机器人辅助下的视网膜下注射系统：研发与初步验证。

Robot-assisted subretinal injection system: development and preliminary verification.

机构信息

Graduate School of Chinese PLA General Hospital, 100853, Beijing, China.

Senior Department of Ophthalmology, the Third Medical Center, Chinese PLA General Hospital, 100039, Beijing, China.

出版信息

BMC Ophthalmol. 2022 Dec 12;22(1):484. doi: 10.1186/s12886-022-02720-4.
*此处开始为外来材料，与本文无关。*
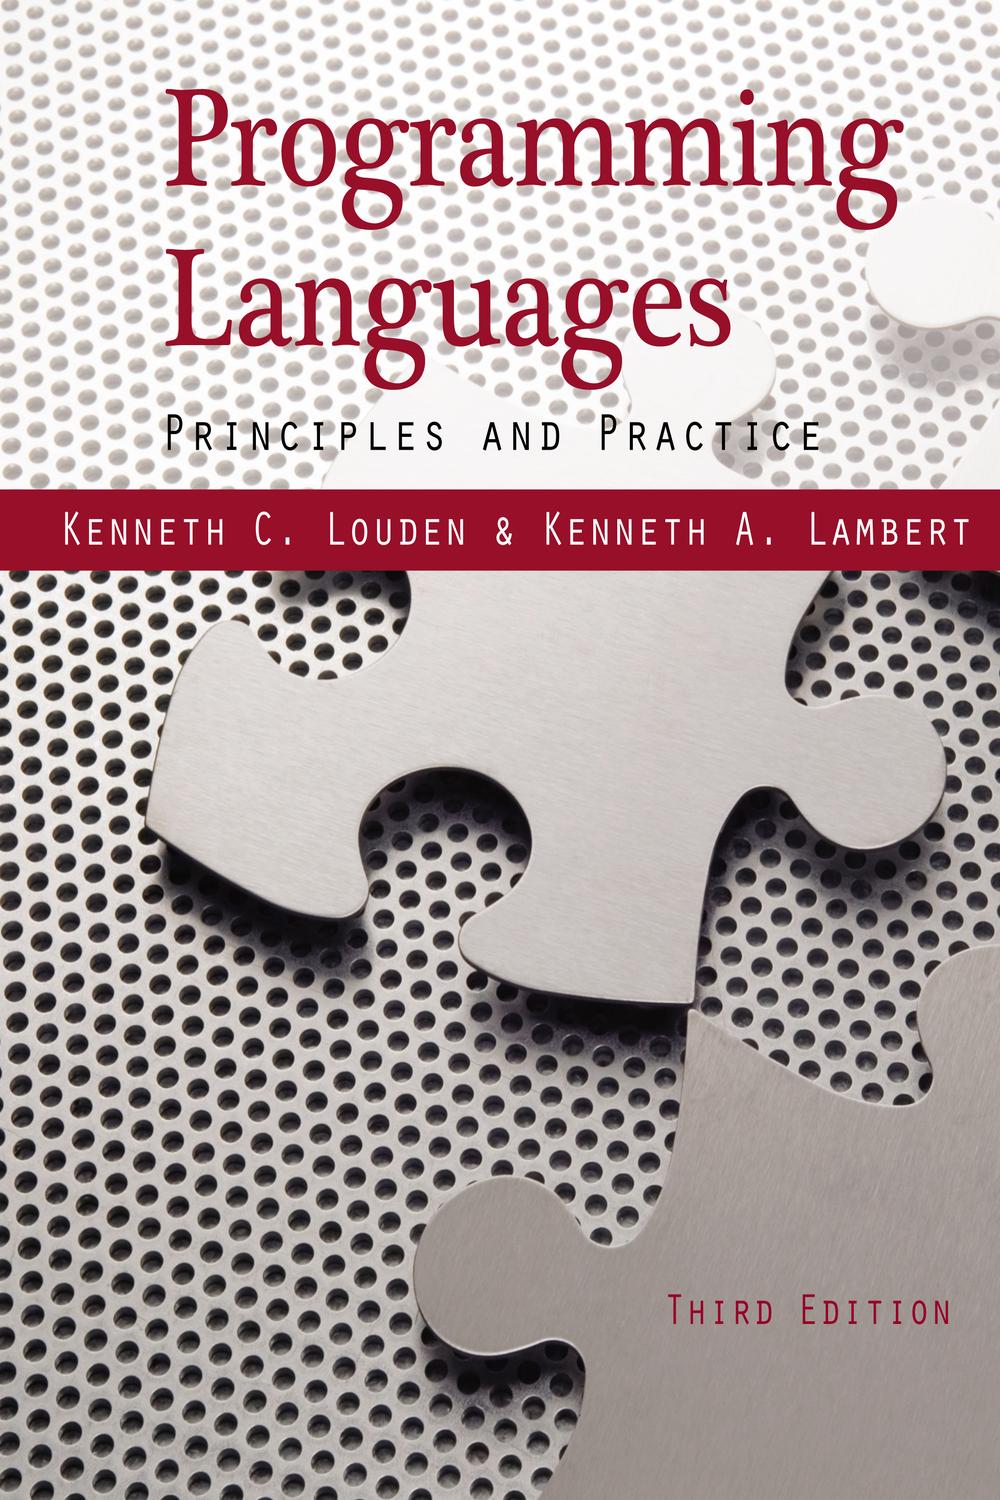 Programming Languages - Kenneth Louden, Lambert
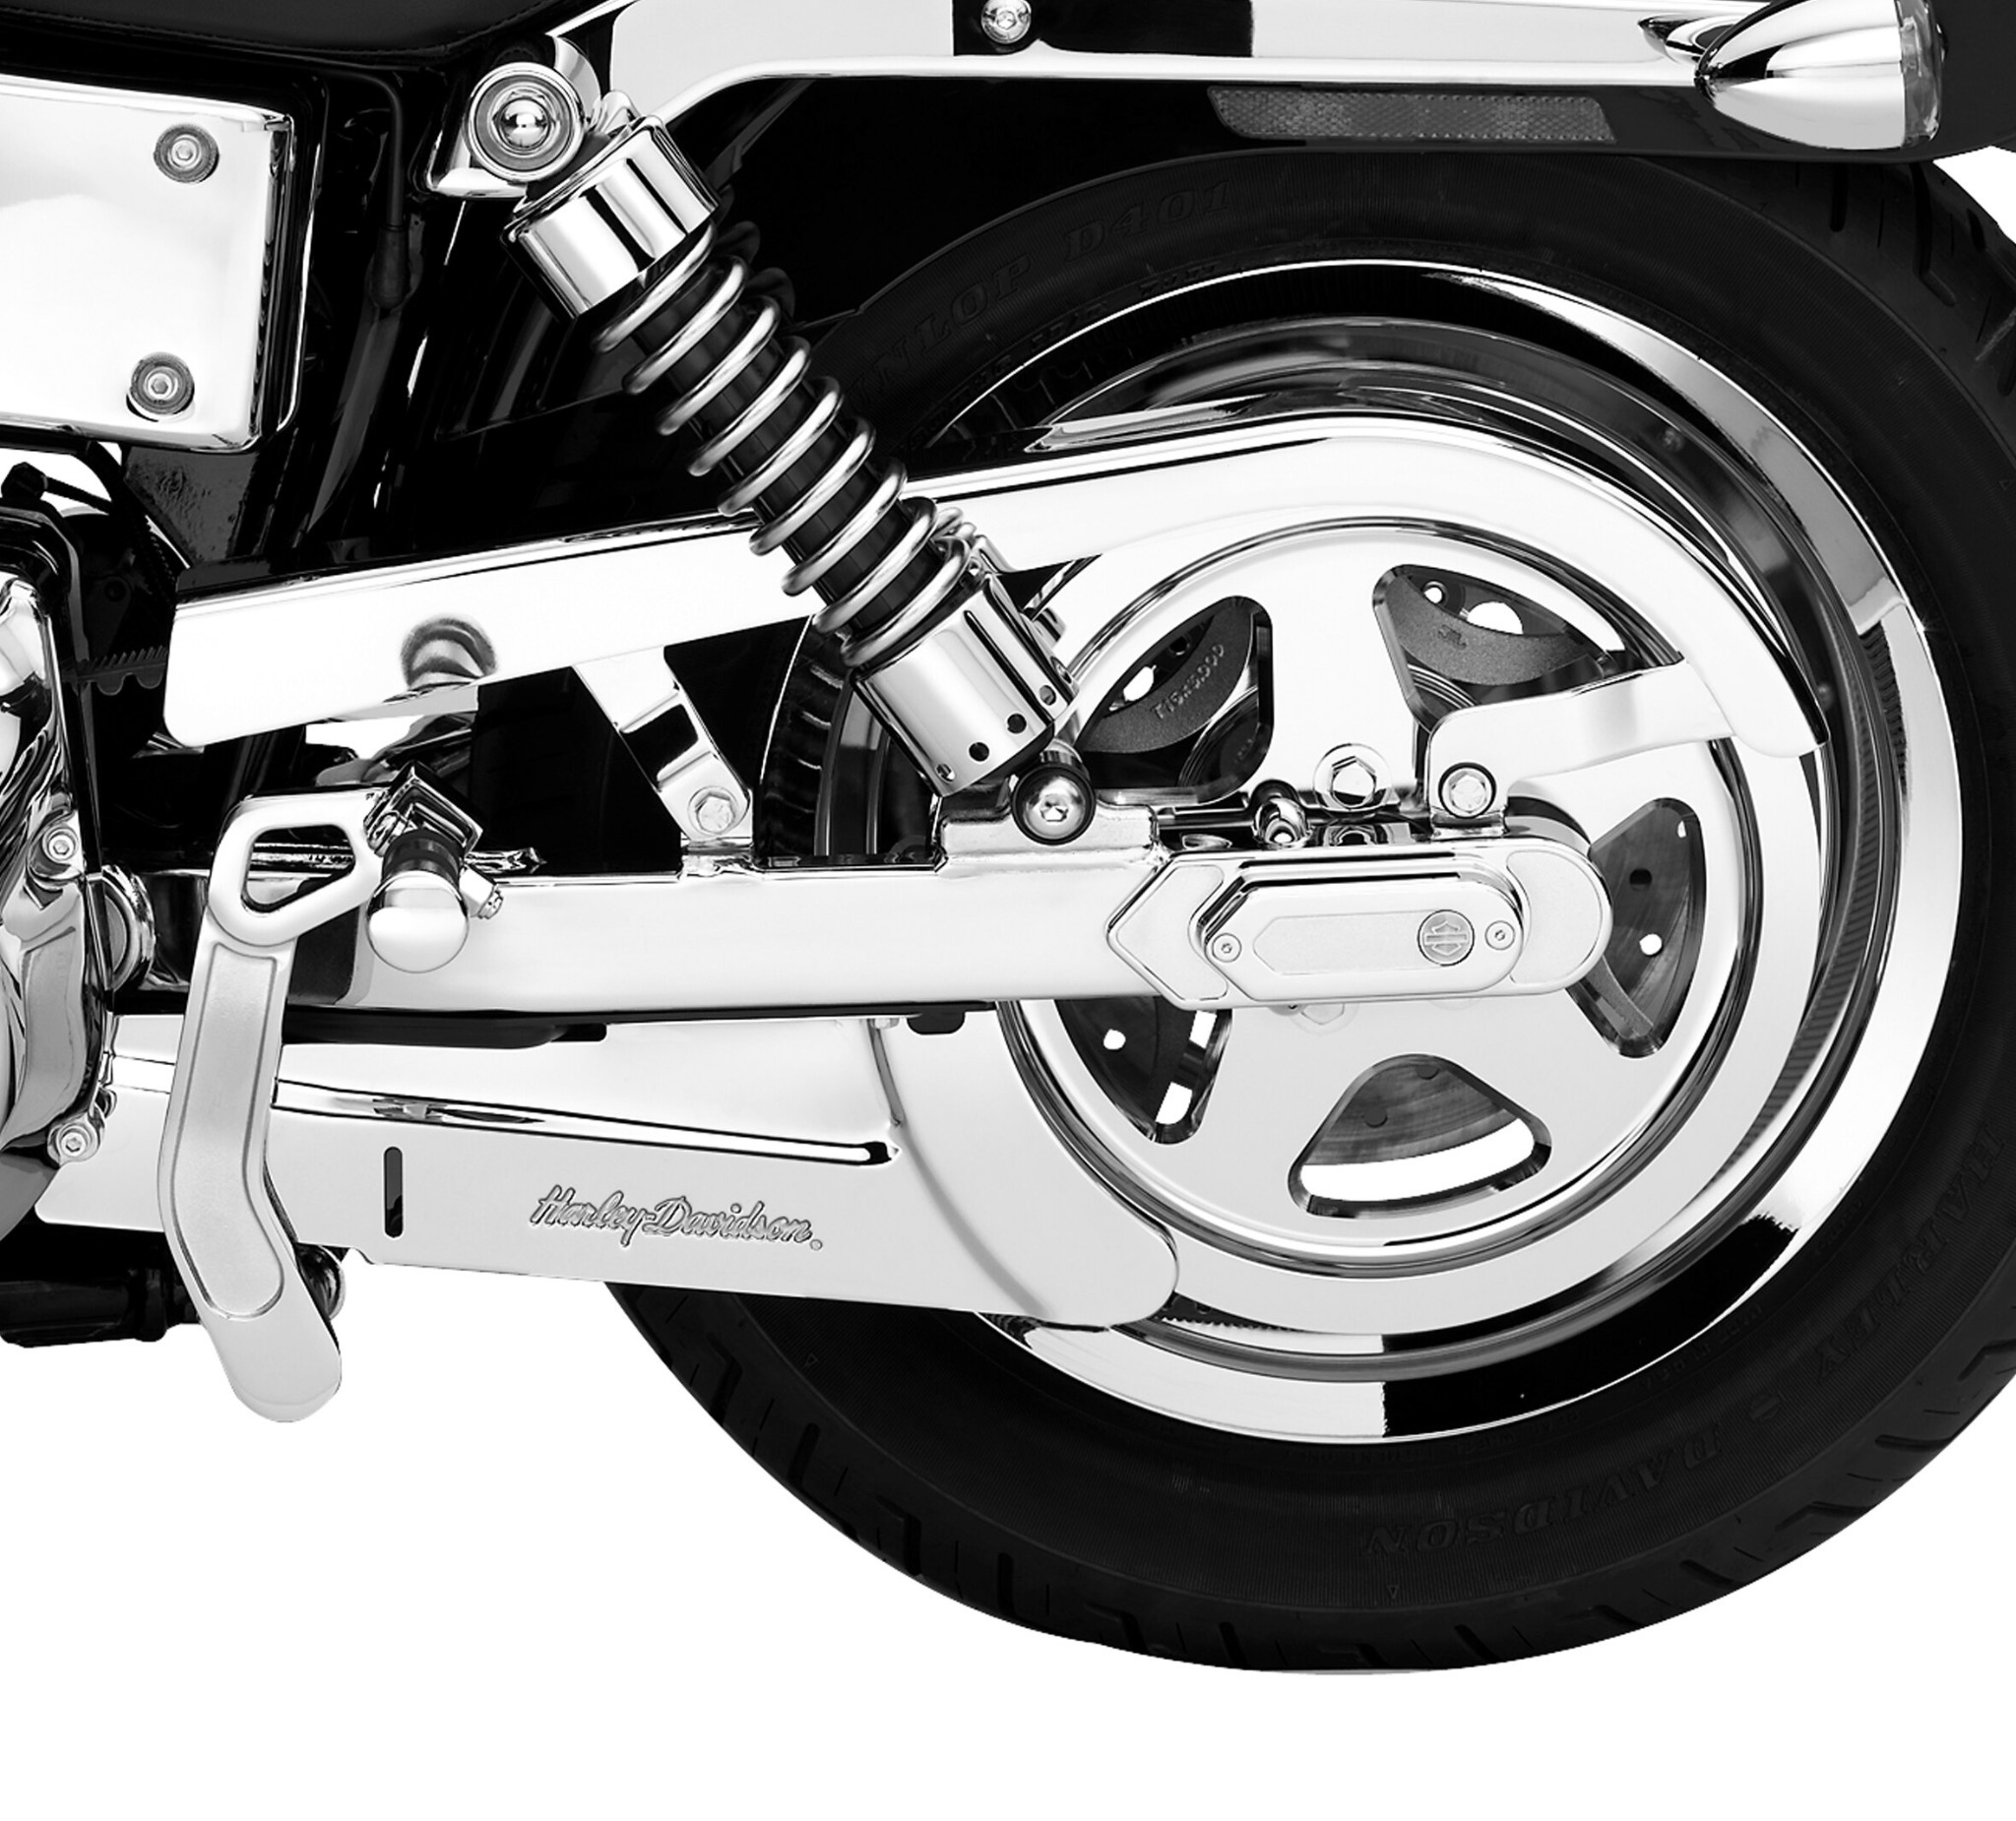 60533-00 Upper Rear Belt Guard For Harley-Davidson 2000-20 ea Chrome

DOI:10.1186/s12886-022-02720-4

PMID:36510151

原文链接:https://pmc.ncbi.nlm.nih.gov/articles/PMC9744060/

Abstract

BACKGROUND

To design and develop a surgical robot capable of assisting subretinal injection.

METHODS

A remote center of motion (RCM) mechanical design and a master-slave teleoperation were used to develop and manufacture the assisted subretinal surgery robot (RASR). Ten fresh isolated porcine eyes were divided into the Robot Manipulation (RM) group and Manual Manipulation (MM) group (5 eyes for each group), and subretinal injections were performed by the robot and manual manipulation methods, respectively. A preliminary verification of the robot was performed by comparing the advantages and disadvantages of the robot manipulation and manual manipulation by using optical coherent tomography (OCT), fundus photography, and video motion capture analysis after the surgery.

RESULTS

Both the robot and the manual manipulation were able to perform subretinal injections with a 100% success rate. The OCT results showed that the average subretinal area was 1.548 mm and 1.461 mm in the RM and MM groups, respectively (P > 0.05). Meanwhile the volume of subretinal fluid obtained using the retinal map mode built in OCT was not statistically different between the RM and MM groups (P > 0.05). By analyzing the surgical video using Kinovea, a motion capture and analysis software, the results suggest that the mean tremor amplitude of the RM group was 0.3681 pixels (x direction), which was significantly reduced compared to 18.8779 pixels (x direction) in the MM group (P < 0.0001).

CONCLUSION

Robot-assisted subretinal injection system (RASR) is able to finish subretinal injection surgery with better stability and less fatigue than manual manipulation.

摘要

背景

设计并开发一种能够辅助进行视网膜下注射的手术机器人。

方法

采用远心运动中心（RCM）机械设计和主从式遥操作来开发和制造辅助视网膜下手术机器人（RASR）。将 10 只新鲜离体猪眼分为机器人操作（RM）组和手动操作（MM）组（每组 5 只），分别采用机器人和手动操作方法进行视网膜下注射。通过光学相干断层扫描（OCT）、眼底照相和手术视频运动捕捉分析，比较机器人操作和手动操作的优缺点，对机器人进行初步验证。

结果

机器人和手动操作均能 100%成功进行视网膜下注射。OCT 结果显示，RM 组和 MM 组的平均视网膜下面积分别为 1.548mm 和 1.461mm（P＞0.05）。同时，OCT 内置视网膜图模式获取的视网膜下液体积在 RM 组和 MM 组之间无统计学差异（P＞0.05）。通过使用 Kinovea 对手术视频进行分析，一种运动捕捉和分析软件，结果表明 RM 组的平均震颤幅度为 0.3681 像素（x 方向），明显低于 MM 组的 18.8779 像素（x 方向）（P＜0.0001）。

结论

与手动操作相比，机器人辅助视网膜下注射系统（RASR）能够更稳定、更省力地完成视网膜下注射手术。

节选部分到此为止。